[Supplied data]
>>>
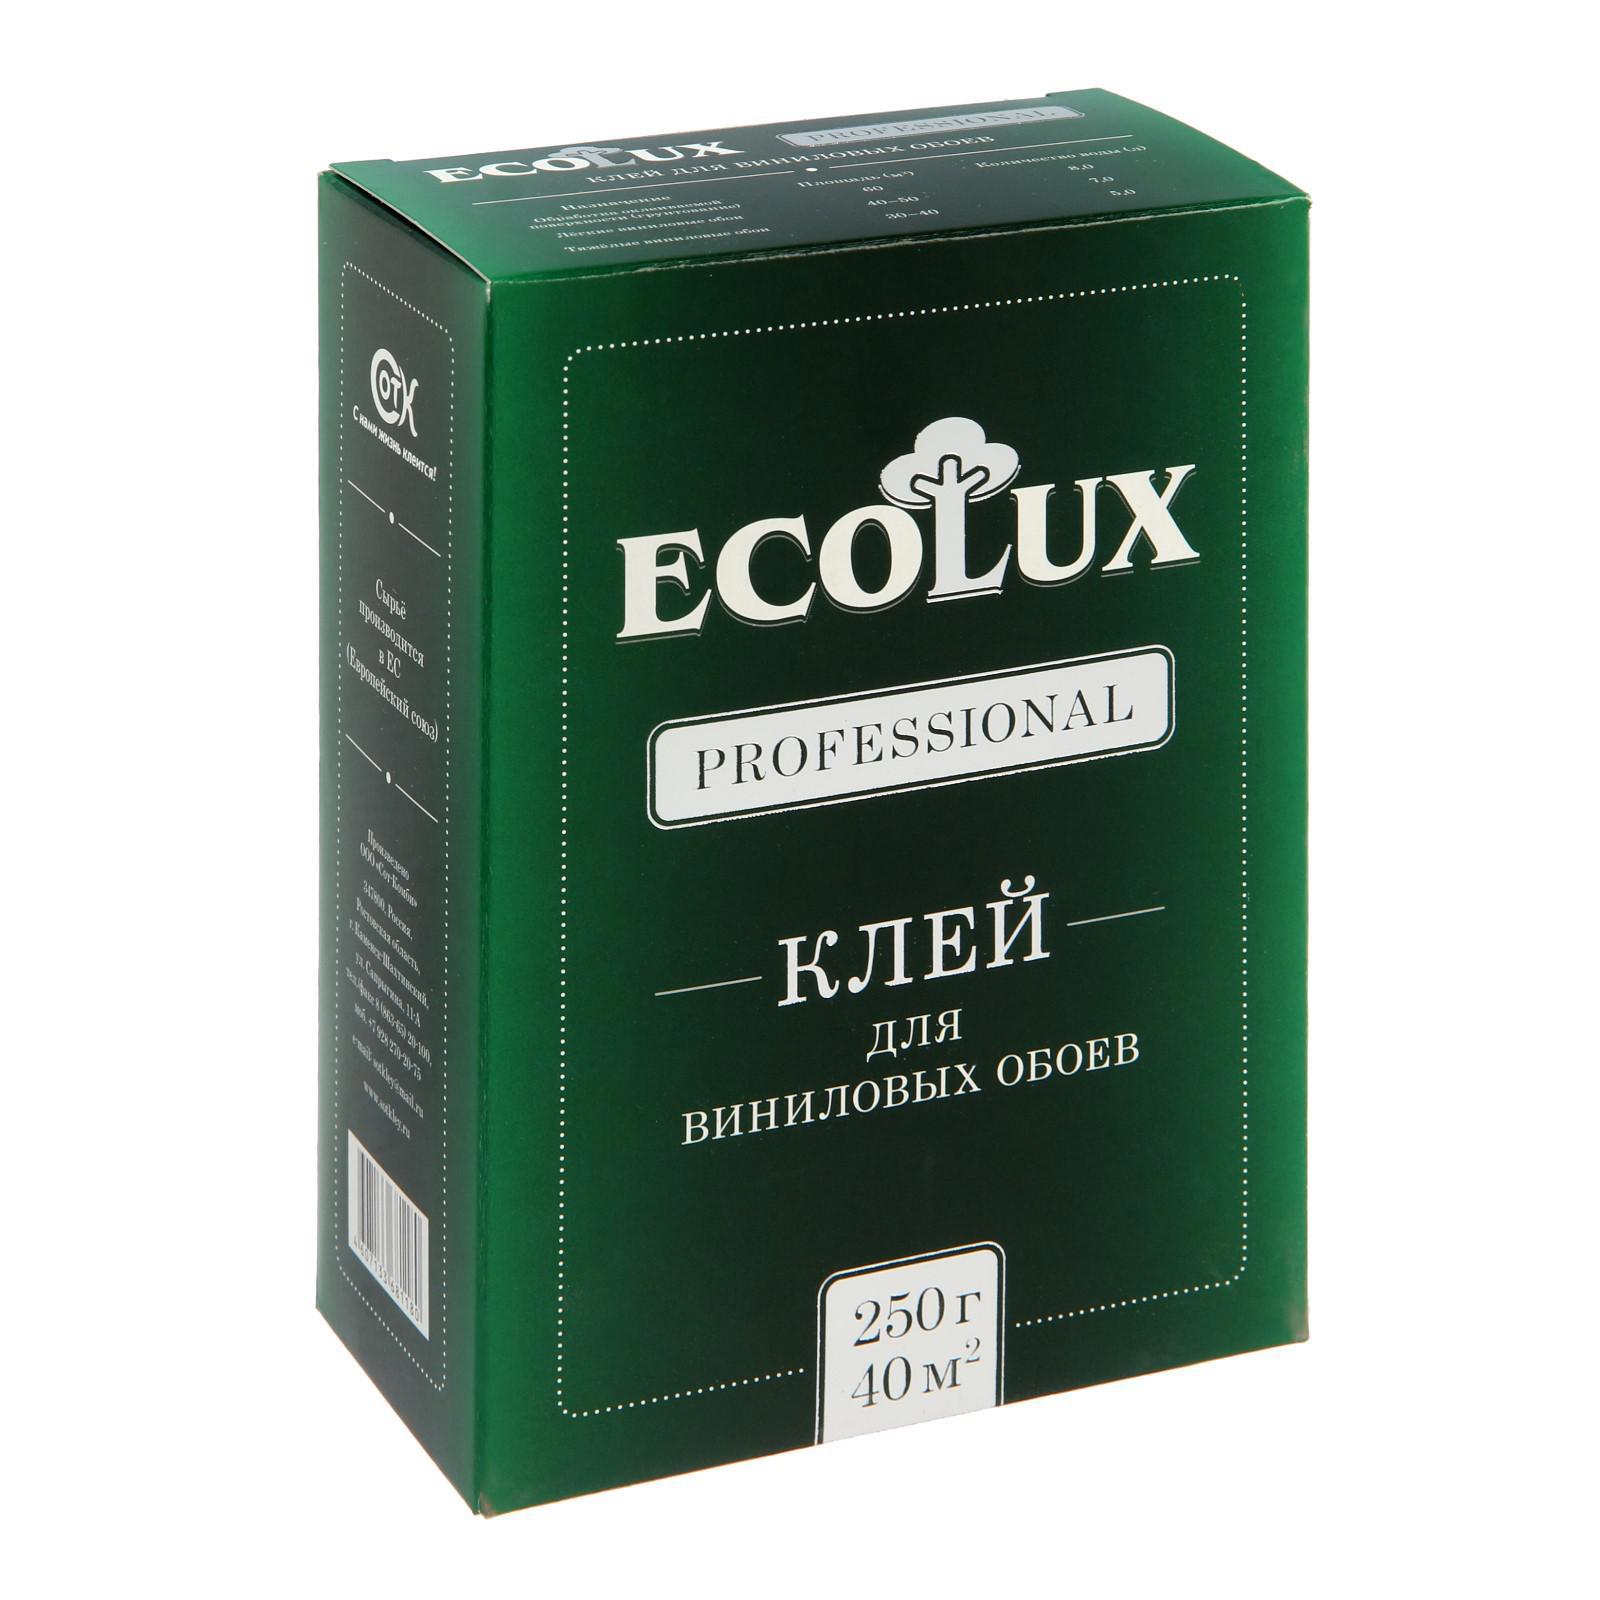  обойный ECOLUX Professional виниловый 250 г, 10 м2  .
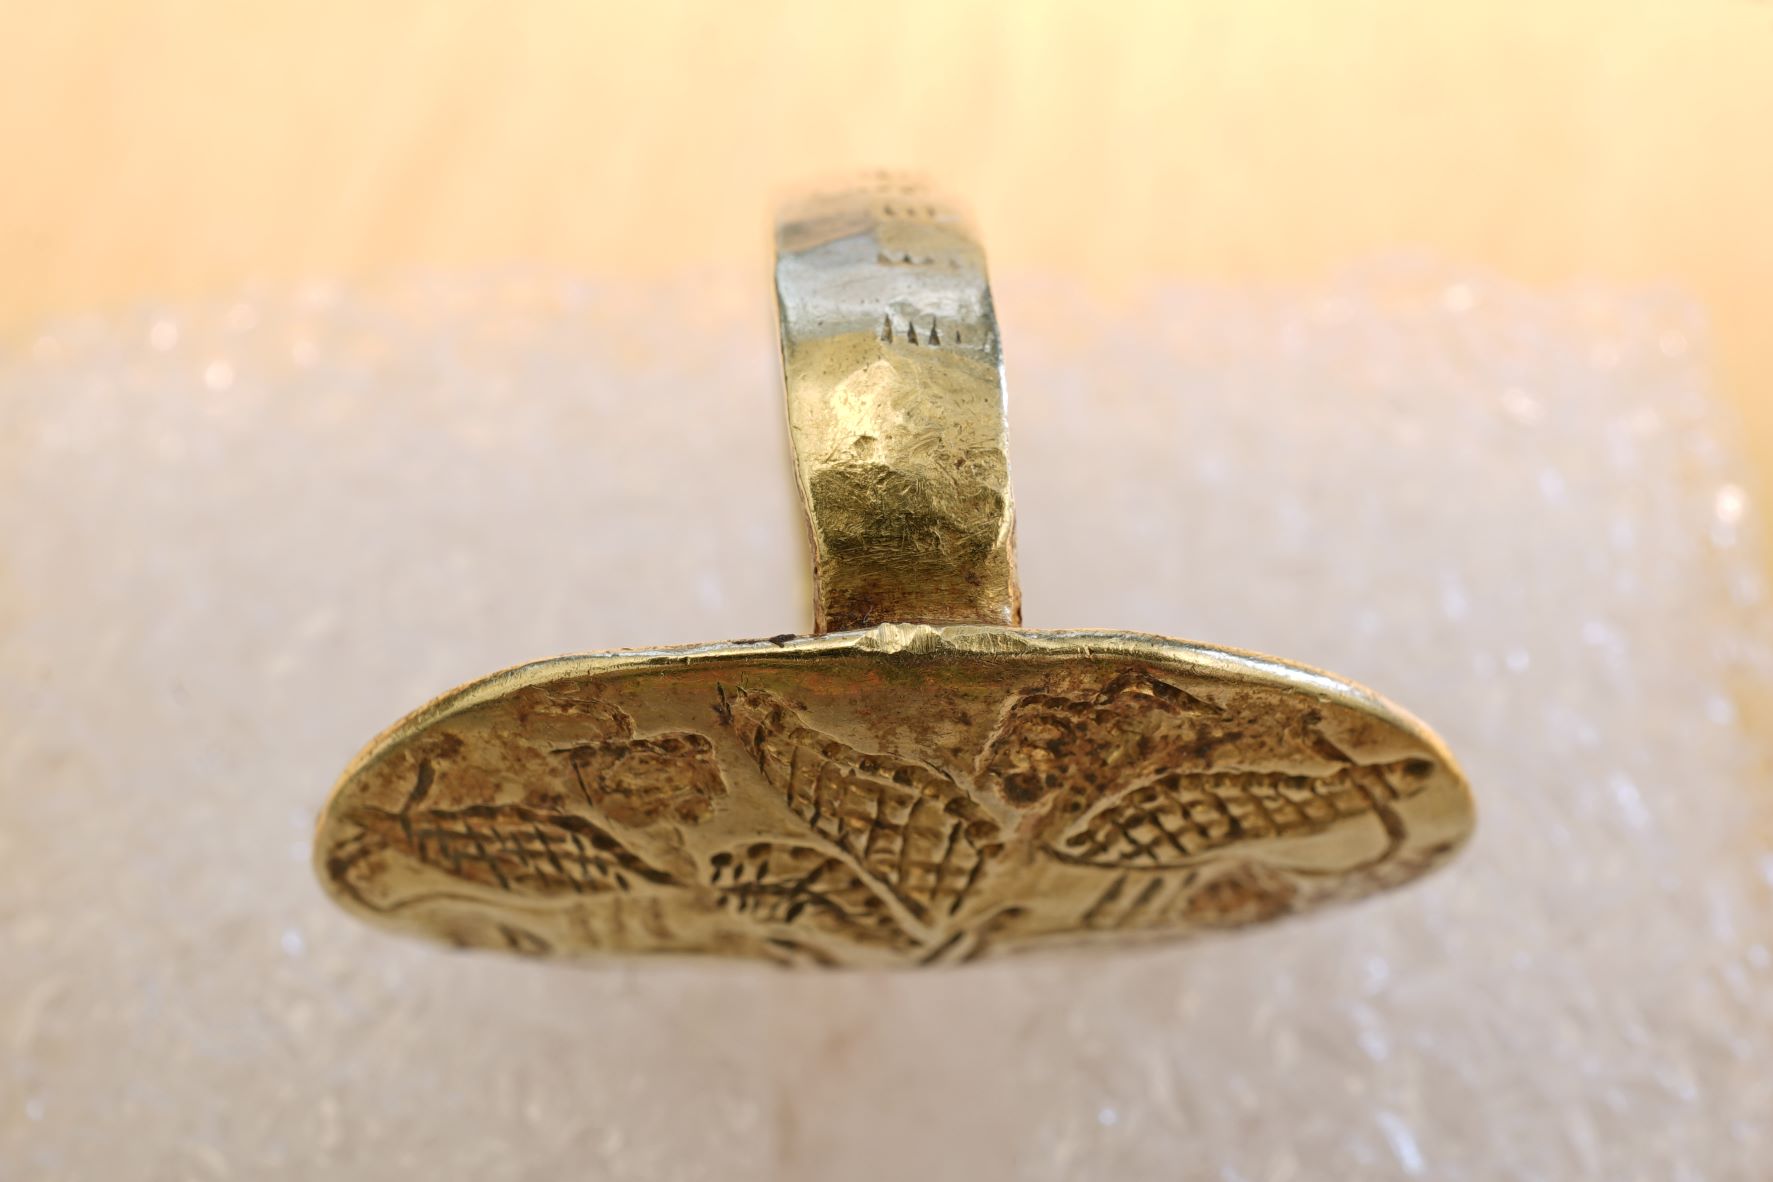 Χρυσό μυκηναϊκό δαχτυλίδι από την Ιαλυσό της Ρόδου με παράσταση ζεύγους αντωπών σφιγγών
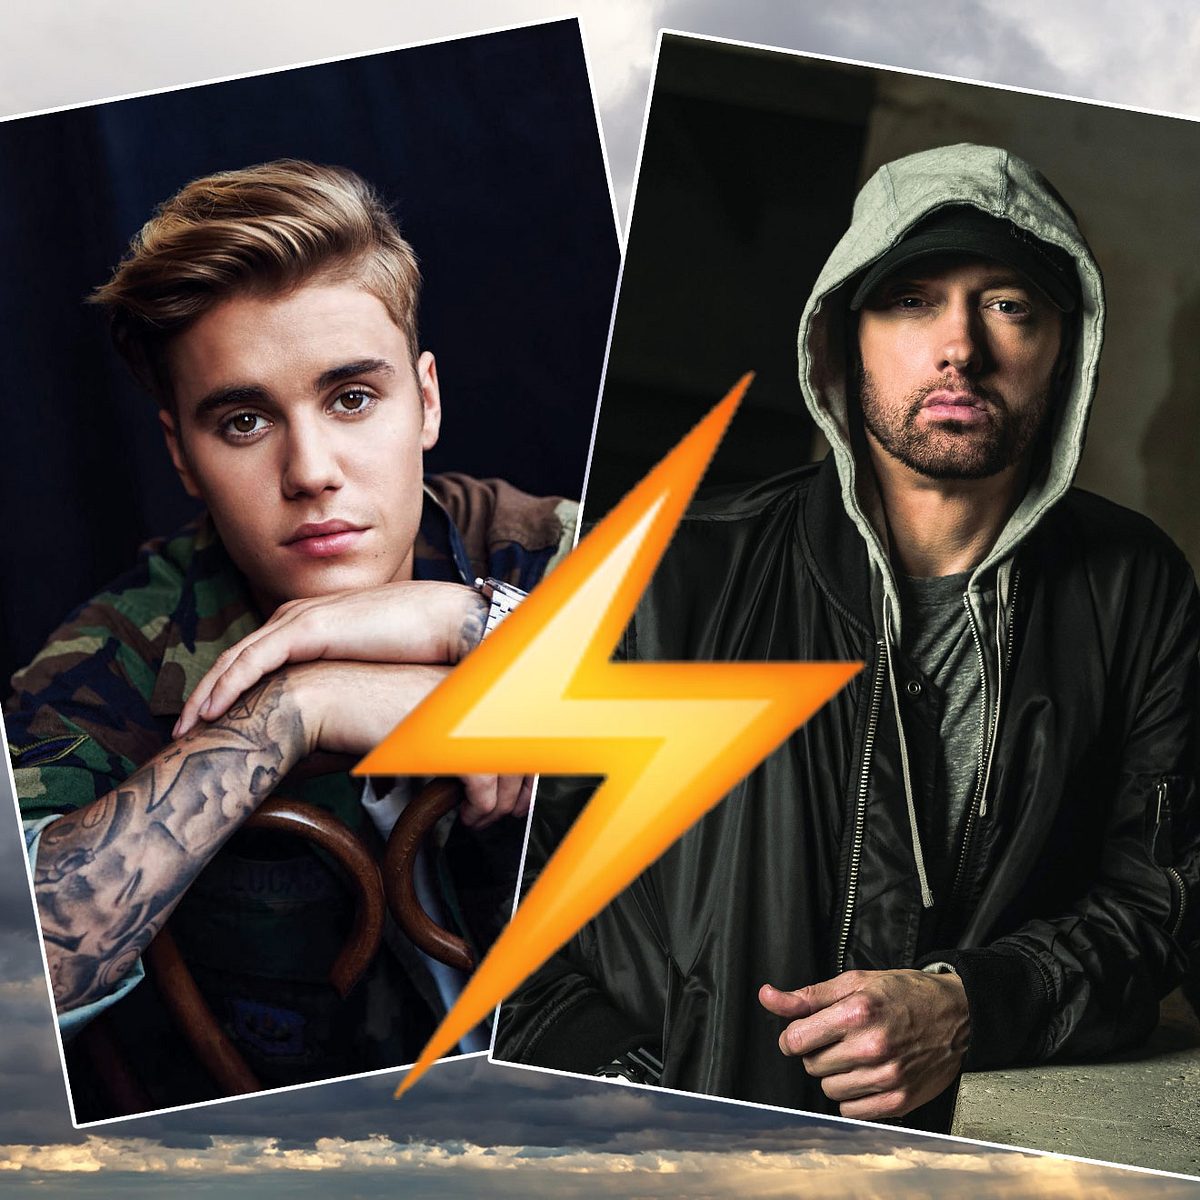 Justin Bieber findet Eminems Einstellung gegenüber Nachwuchskünstlern nicht ok
<<<
[Problem requirements] Exactly the lines from the one with "Χρυσό μυκηναϊκό δαχτυλίδι" to the last line of the listing are wanted, both ends included and pictures excluded.

[Task output]
 Χρυσό μυκηναϊκό δαχτυλίδι από την Ιαλυσό της Ρόδου με παράσταση ζεύγους αντωπών σφιγγών
 Justin Bieber findet Eminems Einstellung gegenüber Nachwuchskünstlern nicht ok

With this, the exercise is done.